Exercise brief » What is needed is an exact copy of the lines in the entries below from the one holding "David letondor david letondor gewehr43 07" through the one holding "Procura novas ideias", pictures excluded.

*** Opening Given records ***

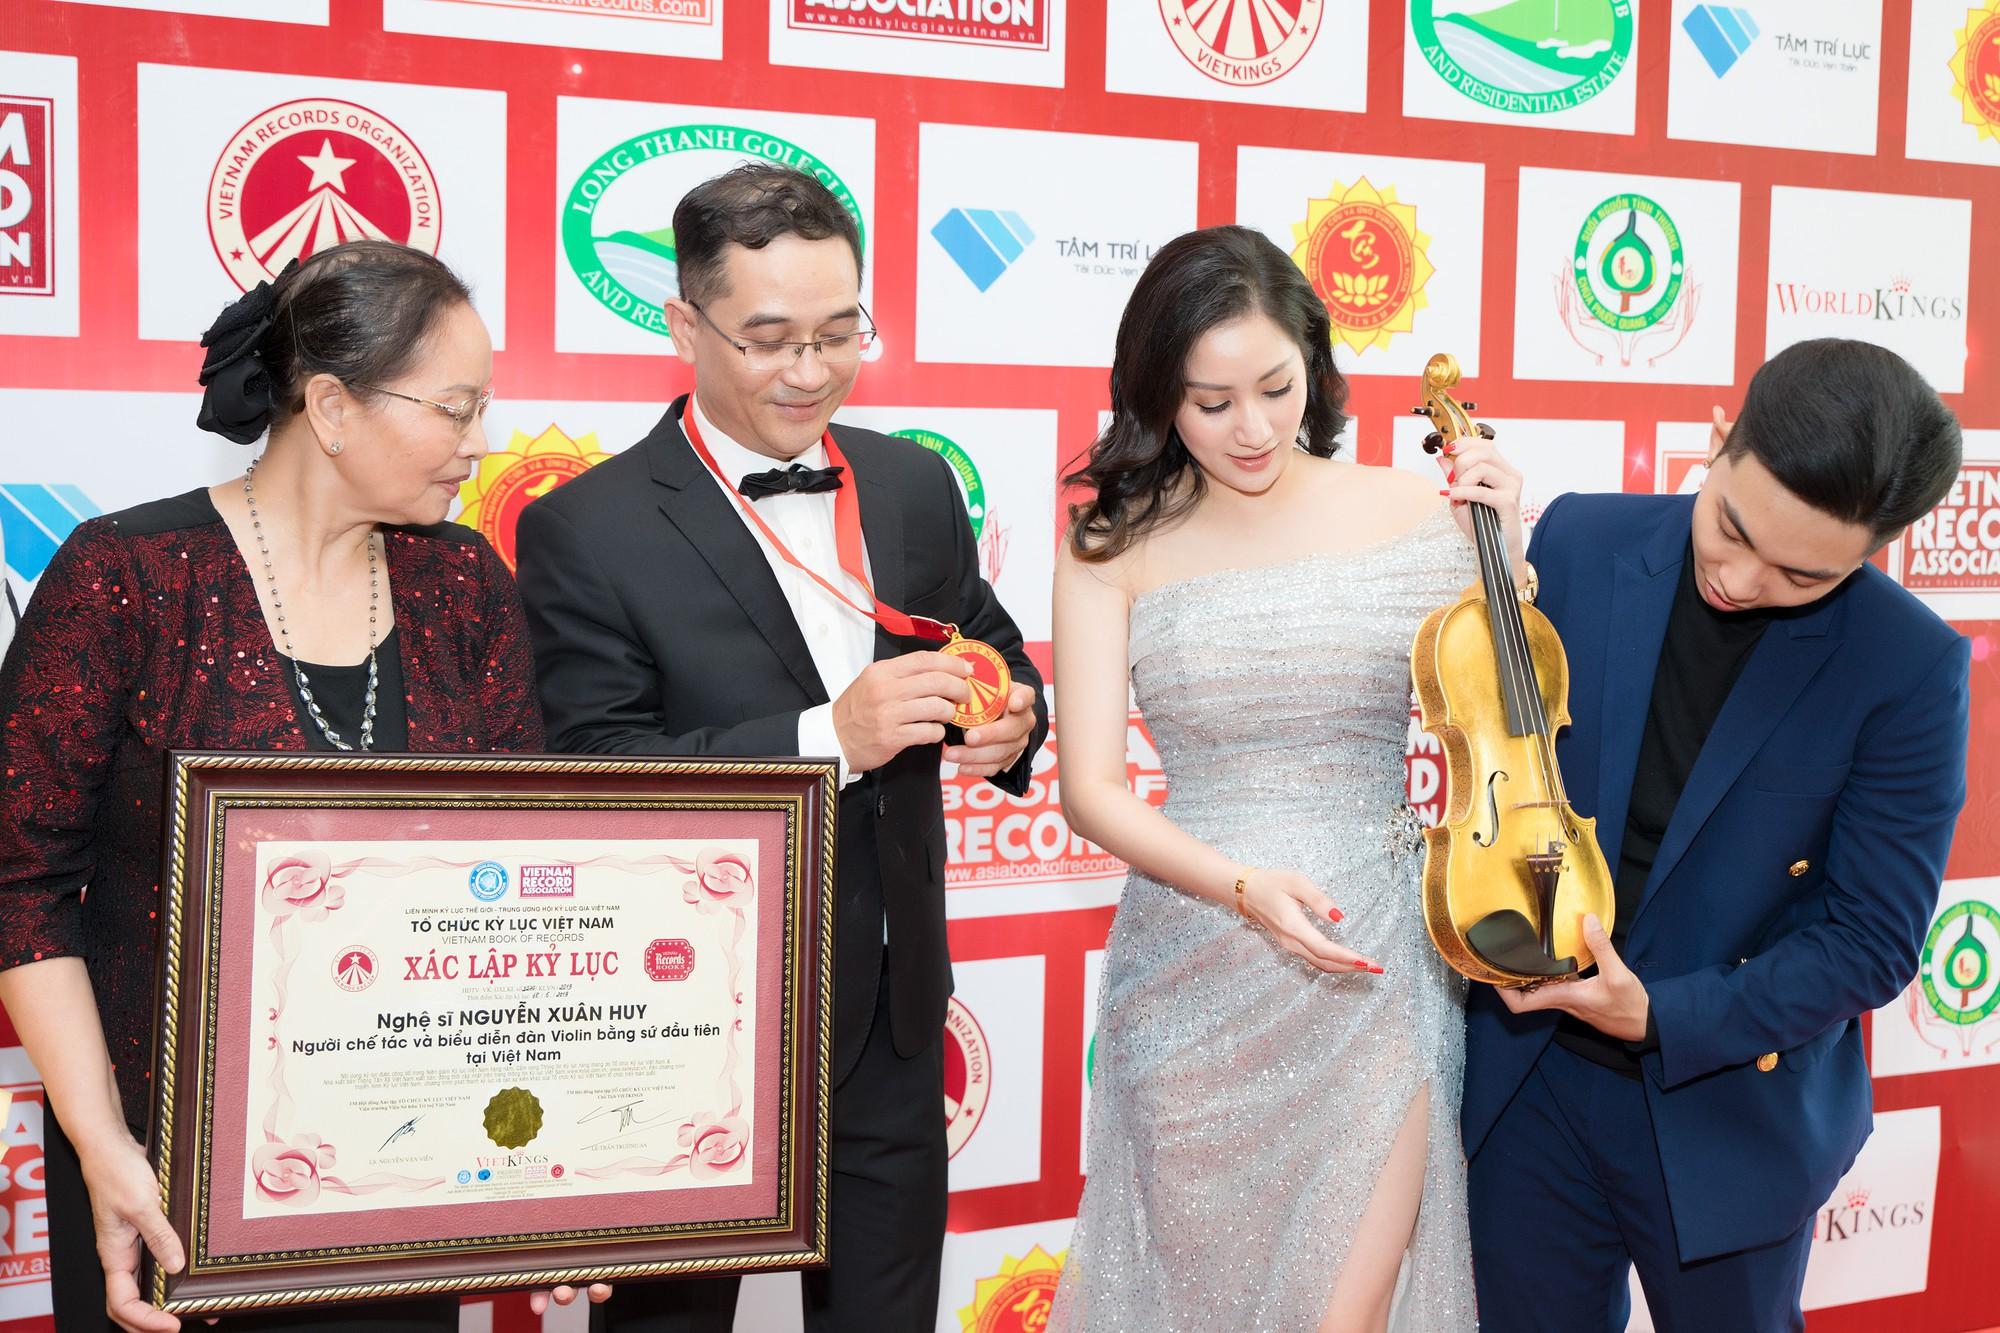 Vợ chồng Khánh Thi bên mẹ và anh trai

*** Closing Given records ***
*** Opening Given records ***

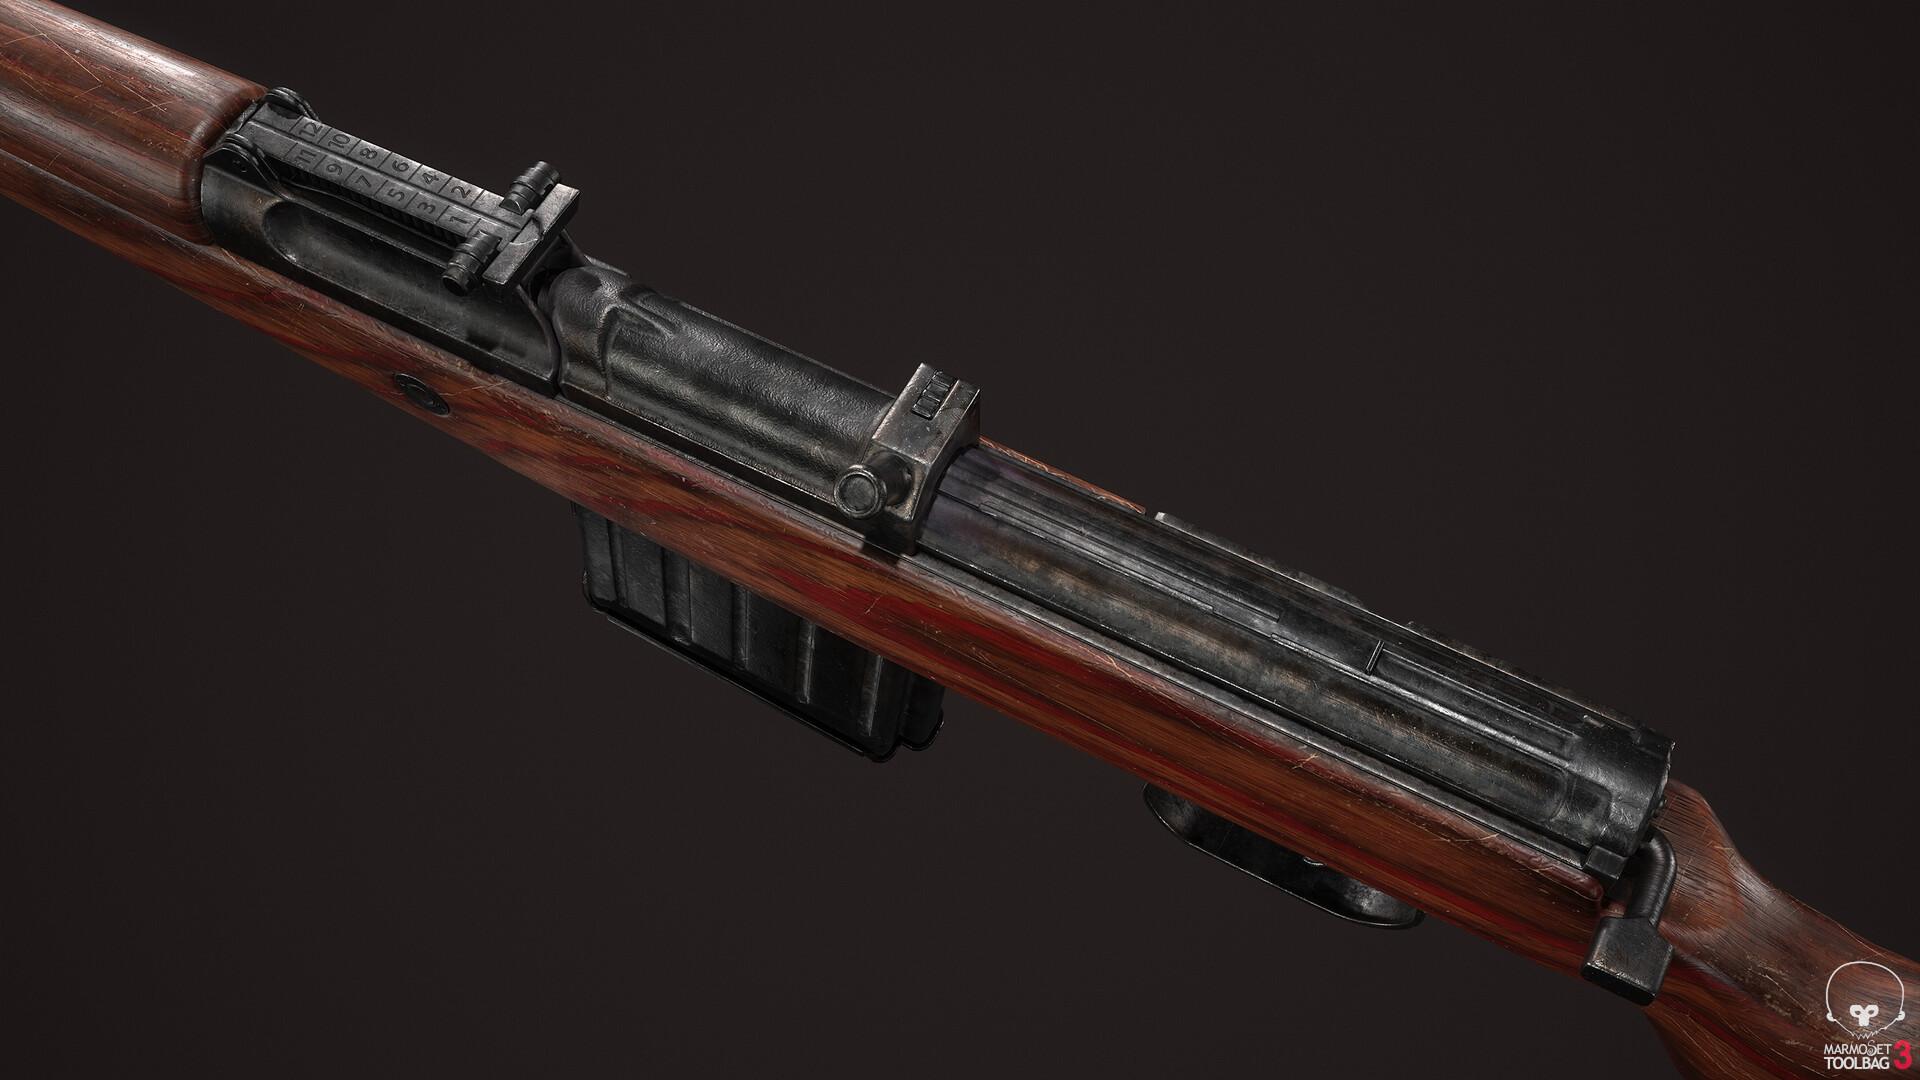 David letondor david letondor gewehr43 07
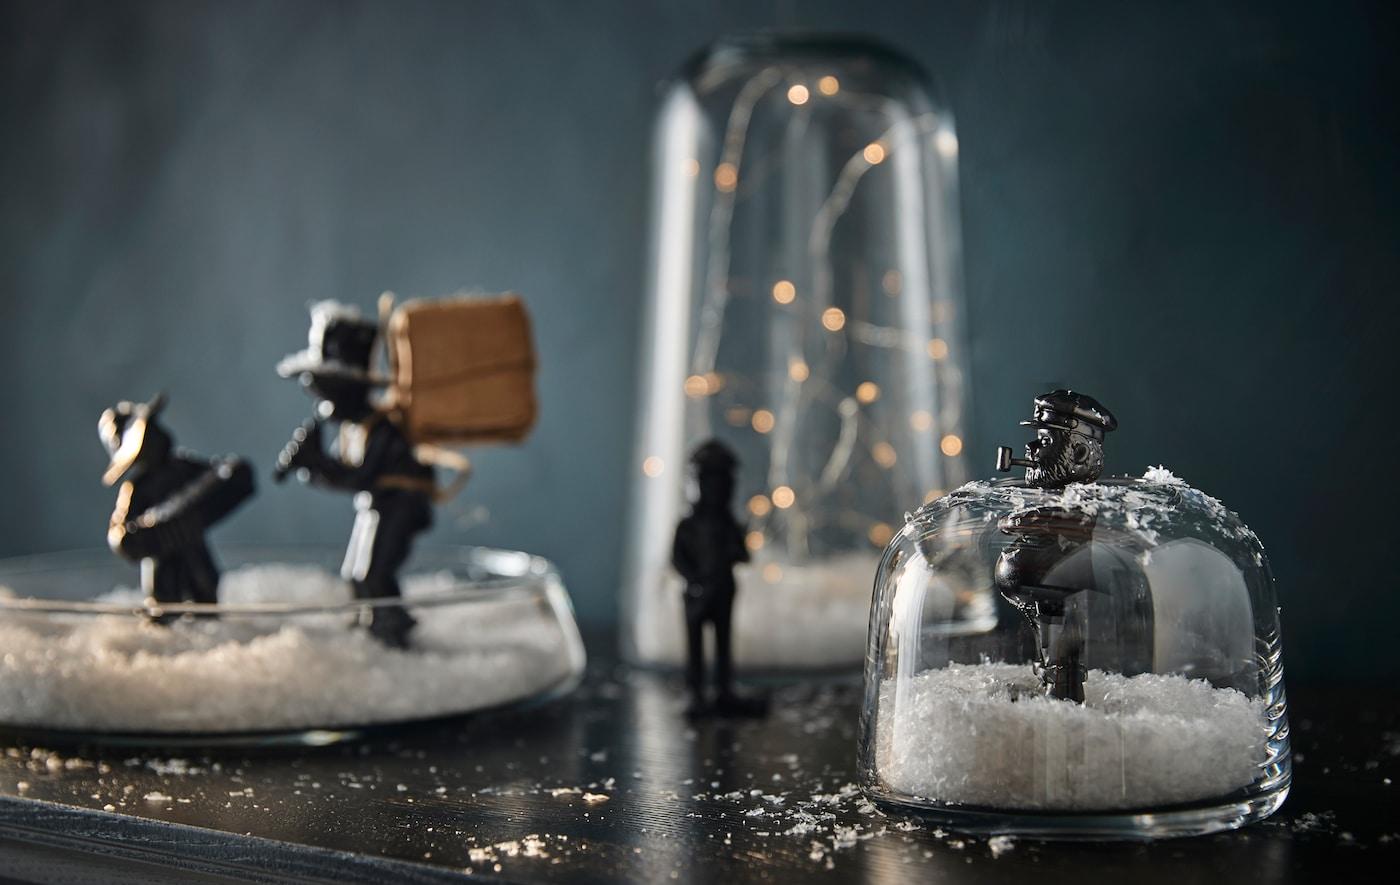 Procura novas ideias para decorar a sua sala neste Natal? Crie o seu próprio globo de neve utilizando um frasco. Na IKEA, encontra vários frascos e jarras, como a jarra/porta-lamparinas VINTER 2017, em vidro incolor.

*** Closing Given records ***

Response »
 David letondor david letondor gewehr43 07
 Procura novas ideias para decorar a sua sala neste Natal? Crie o seu próprio globo de neve utilizando um frasco. Na IKEA, encontra vários frascos e jarras, como a jarra/porta-lamparinas VINTER 2017, em vidro incolor.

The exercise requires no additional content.